Pfizer Inc., announced its experimental drug for treating a lower respiratory tract disease for adults between 18- to 59 years has met its primary goals in trials.

HQ Team

April 9, 2024: Pfizer Inc., announced its experimental drug for treating a lower respiratory tract disease for adults between 18- to 59 years has met its primary goals in trials.

The late-stage trials of the drug Abrysvo, which evaluated a single dose, achieved “positive top-line immunogenicity and safety data,” according to a company statement.

The disease, severe respiratory syncytial virus (RSV), is associated with the lower respiratory tract. Immunogenicity and safety tests were conducted in adults who were at increased risk for RSV disease, such as those with asthma, diabetes, and chronic obstructive pulmonary disease.

Pfizer also met its diversity recruitment goals for the study providing data from participants that mirror the diverse U.S. population and had a balanced representation across underlying medical conditions.

Diverse population

The FDA legislation requires recruiting a diverse population for testing a drug. 
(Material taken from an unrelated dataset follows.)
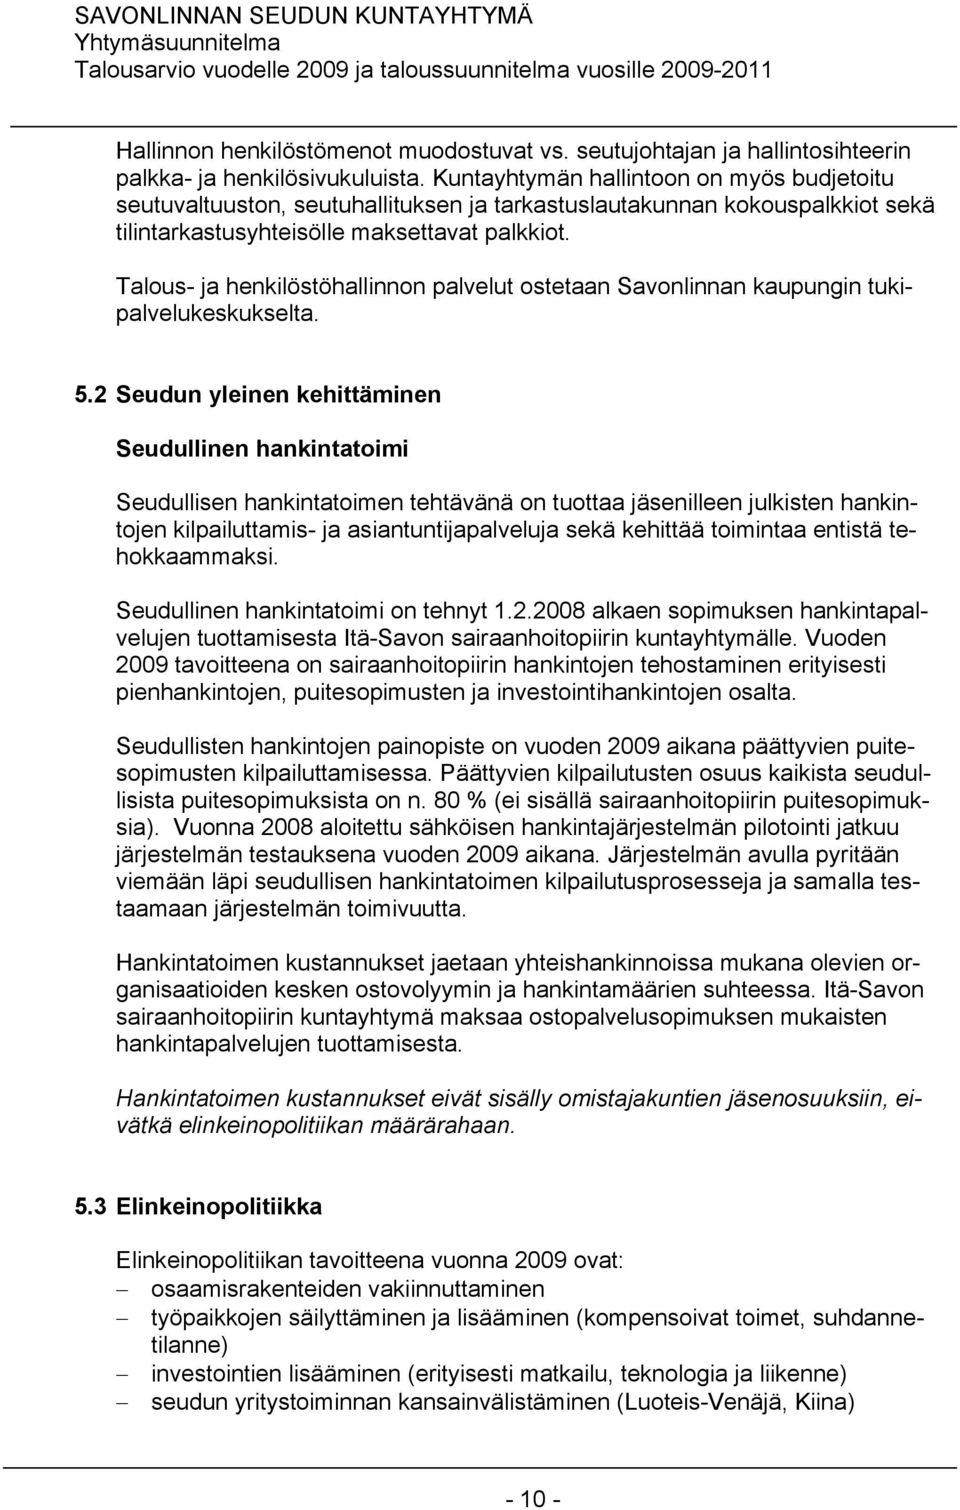 Talous- ja henkilöstöhallinnon palvelut ostetaan Savonlinnan kaupungin tukipalvelukeskukselta. 5.

In an updated 2020 advisory, the FDA recommended different approaches that sponsors of clinical trials for a new drug can take to increase the enrolment of underrepresented populations in their clinical trials.

Pfizer intends to submit the clinical trial data to regulatory agencies and request expansion of the age group from the current indication to 18 years of age and older.

The respiratory syncytial virus is a contagious virus and a common cause of respiratory illness. The virus can affect the lungs and breathing passages of an infected individual and can potentially cause severe illness in young infants, older adults, and individuals with certain chronic medical conditions.

New trial initiated

In the United States alone, among older adults, RSV infections account for approximately 60,000-160,000 hospitalisations and 6,000-13,000 deaths each year.

There are two major subgroups of RSV: RSV-A and RSV-B. Both subgroups cause disease and can co-circulate or alternate predominance from season to season.

In August 2023, the FDA approved Abrysvo for the prevention of lower respiratory tract disease and its severe forms caused by RSV in infants from birth up to six months of age by active immunisation of pregnant individuals at 32 through 36 weeks gestational age.

During the same month, Pfizer announced that the European Medicines Agency (EMA) granted marketing authorisation for Abrysvo for both older adults and maternal immunisation to help protect infants.

Pfizer has initiated a clinical trial evaluating the drug in children aged from two to less than 18 years who are at higher risk for RSV disease, according to the statement.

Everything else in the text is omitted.